En un remoto lugar del Japón vivía un picapedrero llamado Isogai. No ganaba mucho dinero, sólo lo suficiente para vivir y para mantener a su familia. Un día, al volver del trabajo muy cansado, se quedó profundamente dormido y comenzó a soñar. Se imaginó en la cantera, picando un gran bloque de piedra, mientras por el camino cercano pasaba el emperador montado en una carroza toda de oro. Y deseó ser el emperador. Y así fue: en un instante se vio subido a la carroza y vestido con vestiduras de oro. Pero pronto las cosas cambiaron: hacía un sol abrumador, no corría nada de aire y comenzó a ahogarse por el calor y el sudor.
Entonces, mirando al sol y su potencia, deseó ser el sol. Y así fue: de repente se vio en lo alto del cielo iluminando toda la tierra con su luz.
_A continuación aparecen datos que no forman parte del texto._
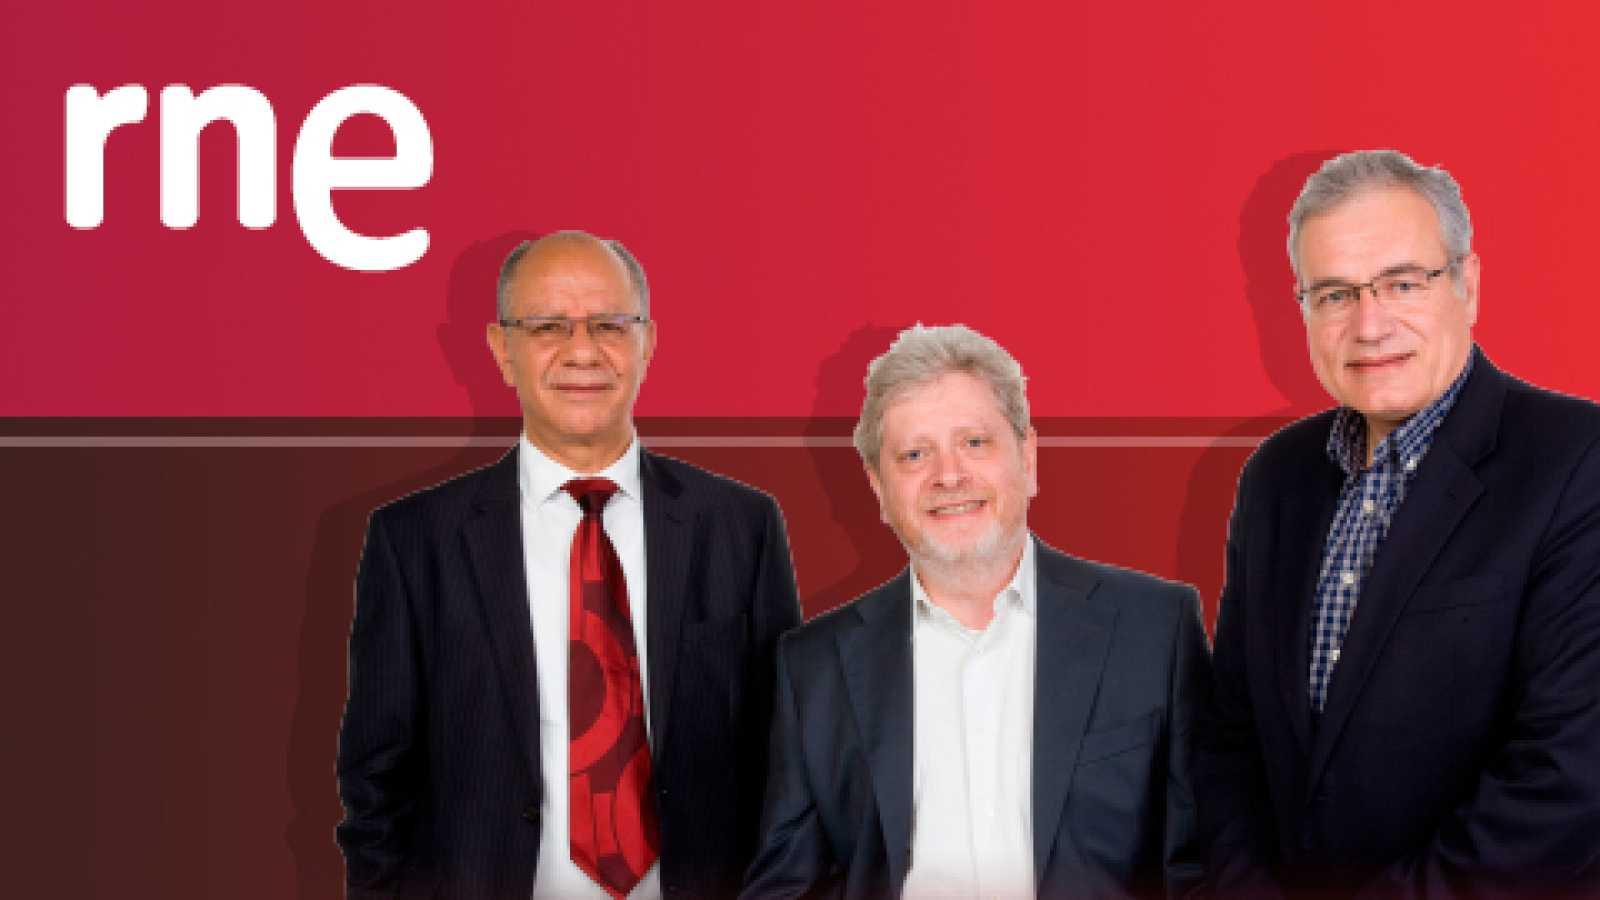 Fe y convivencia - Miradas: Congreso tolerancia - 26/01/20 - Escuchar ahora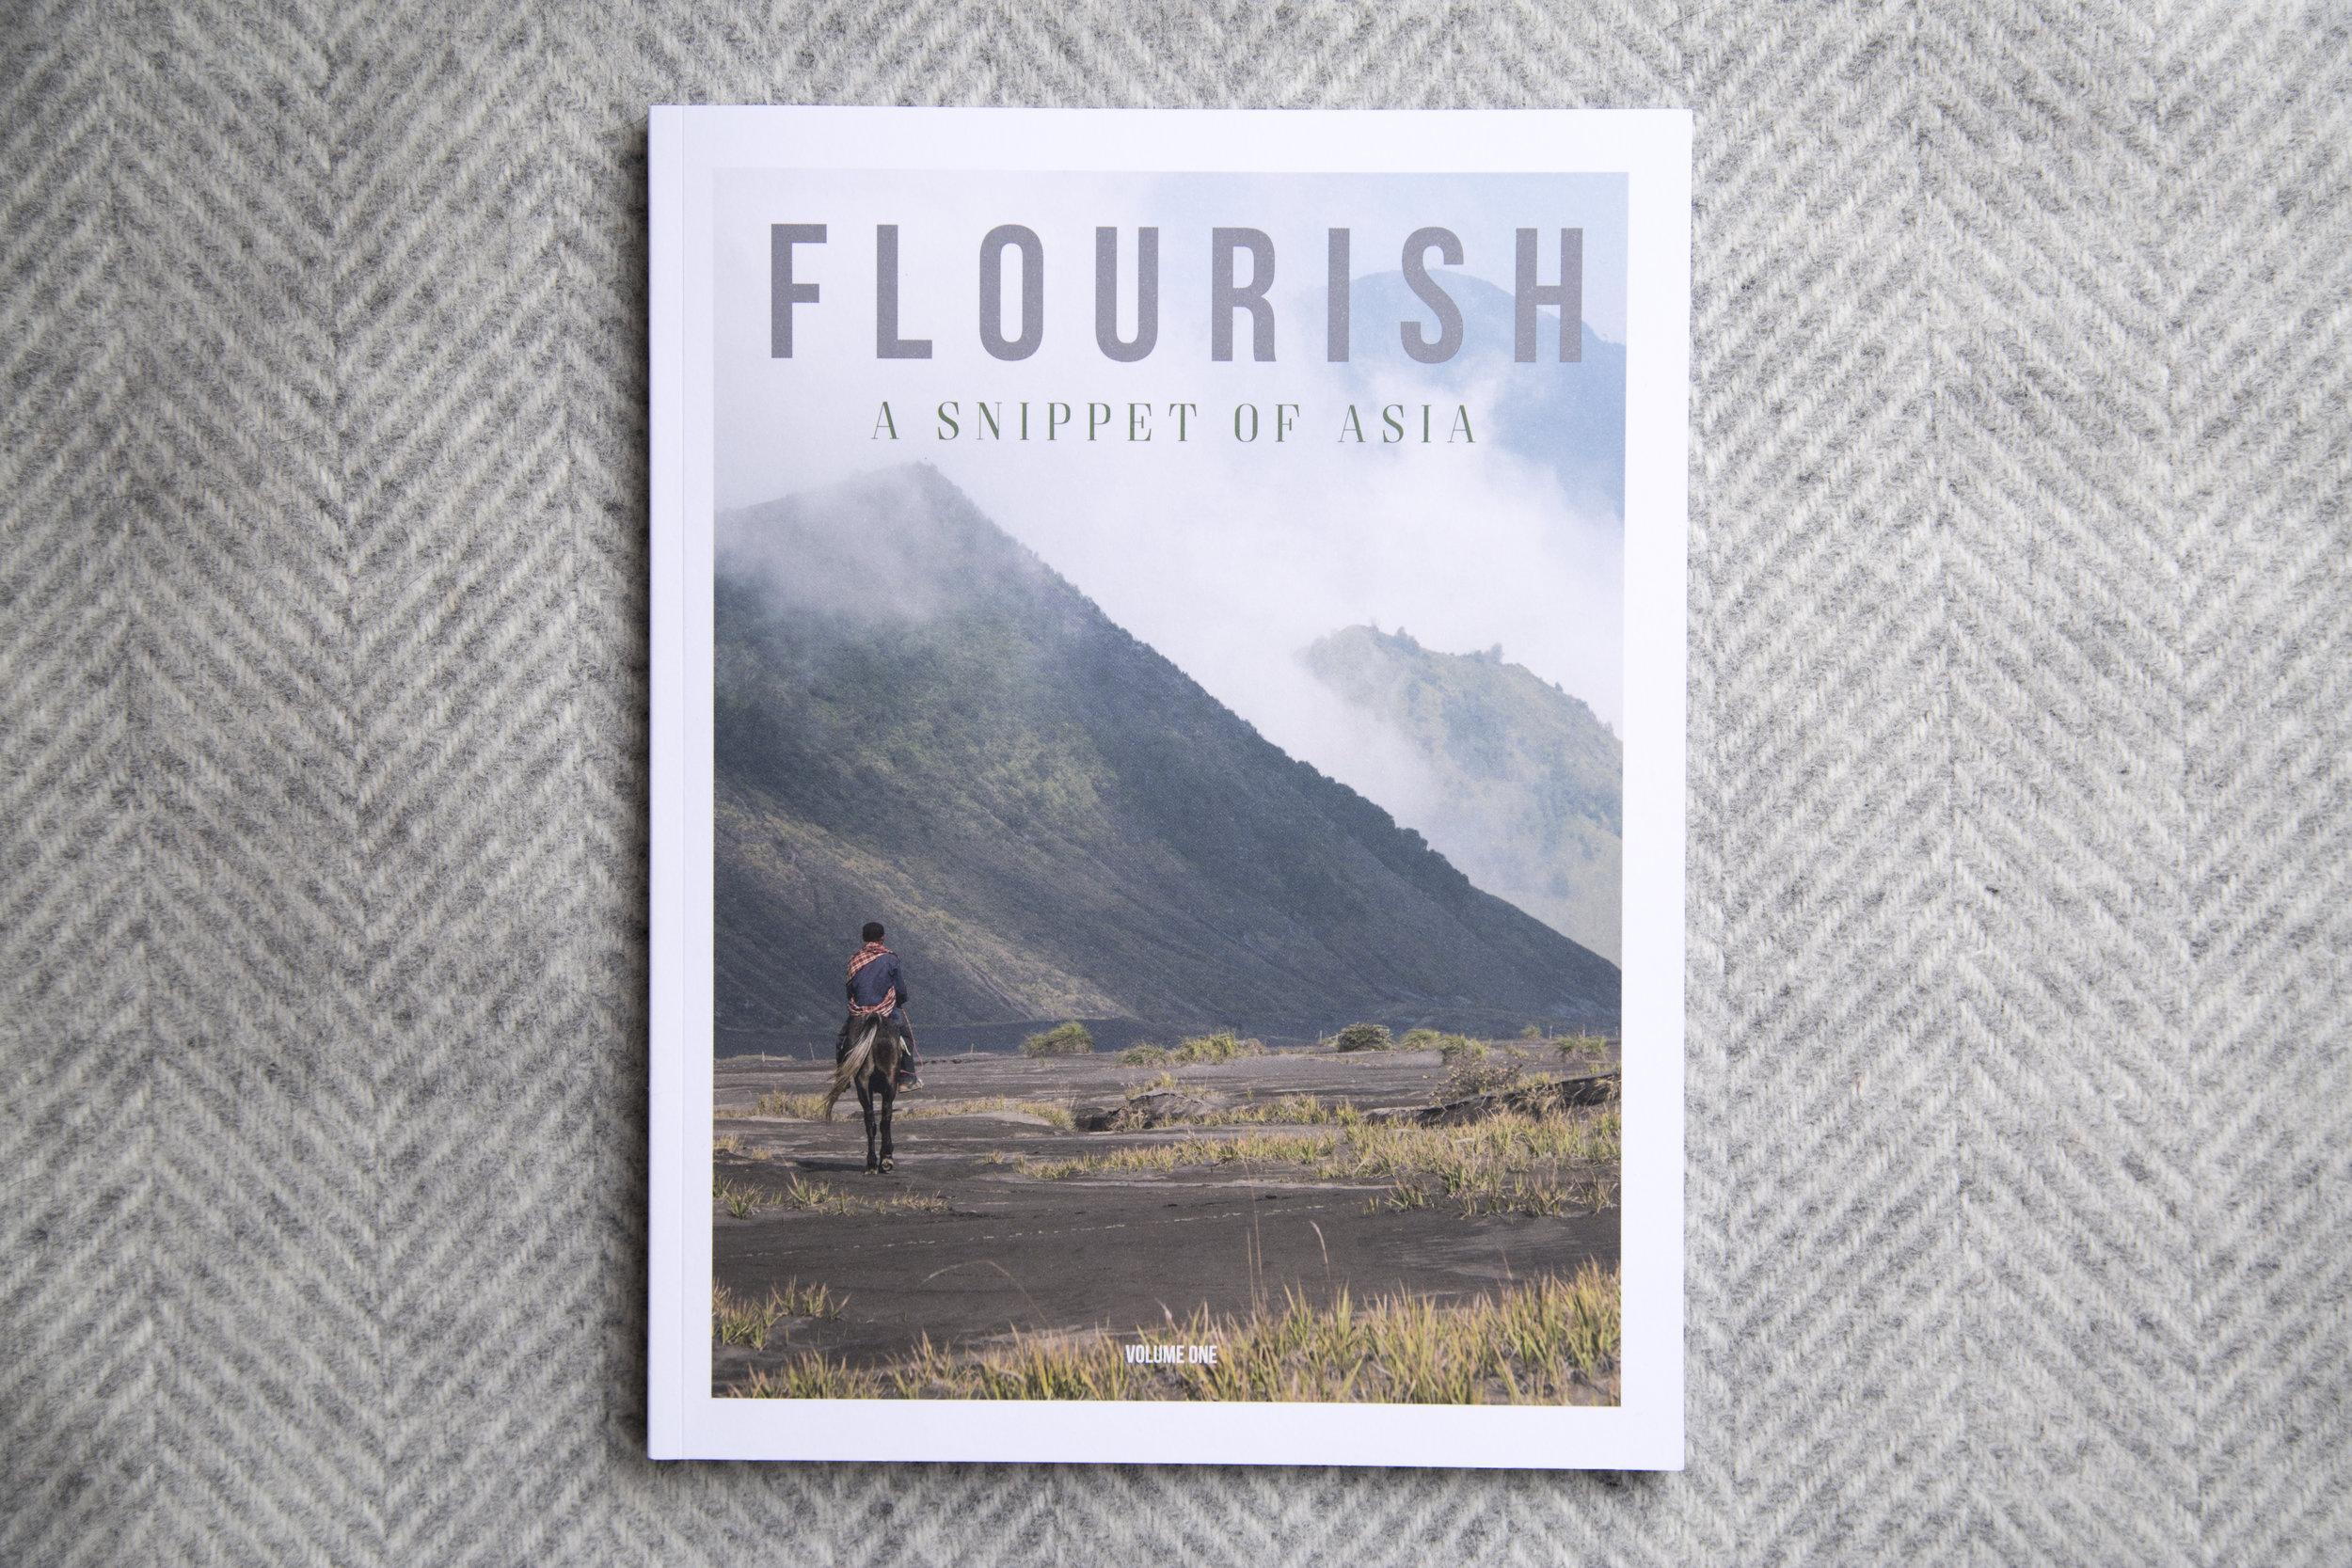 Volume 1 of Flourish

O, al menos así creía, pues pronto vio como un cúmulo de nubes le impedía difundir su luz; y se vio impotente ante ellas.
Intentó esquivarlas por uno y otro lado, pero no consiguió nada. Entonces, no contento con esto, deseó ser una nube.
Y así fue: comenzó a moverse por el aire con la satisfacción de ser capaz de tapar al sol y oscurecerlo. Y vio que también tenía fuerza con el agua que albergaba para empapar la tierra. Y se sintió orgulloso de su potencia.
Pero después, mirando hacia abajo, vio un río que con la fuerza de su caudal arrasaba las tierras e iba a desembocar al mar.
Entonces, envidiando su potencia, deseó ser un río desbordado. Y así fue: en un instante se convirtió en una fortísima corriente de agua que lo arrastraba todo. Y volvió a sentirse satisfecho de sí mismo. Pero de repente se encontró en una orilla una enorme roca, que el agua no conseguía mover ni un milímetro. Y, a pesar de toda la fuerza con que la embistió una y otra vez, la roca no se movió.
Estando en éstas, bastante desanimado, vio como se acercaba un hombrecito, que con un pequeño pico fue minando la roca hasta conseguir romperla en varios trozos. Entonces Isogai se despertó. Al día siguiente volvió a su trabajo en la cantera, alegre por su poder y su fuerza.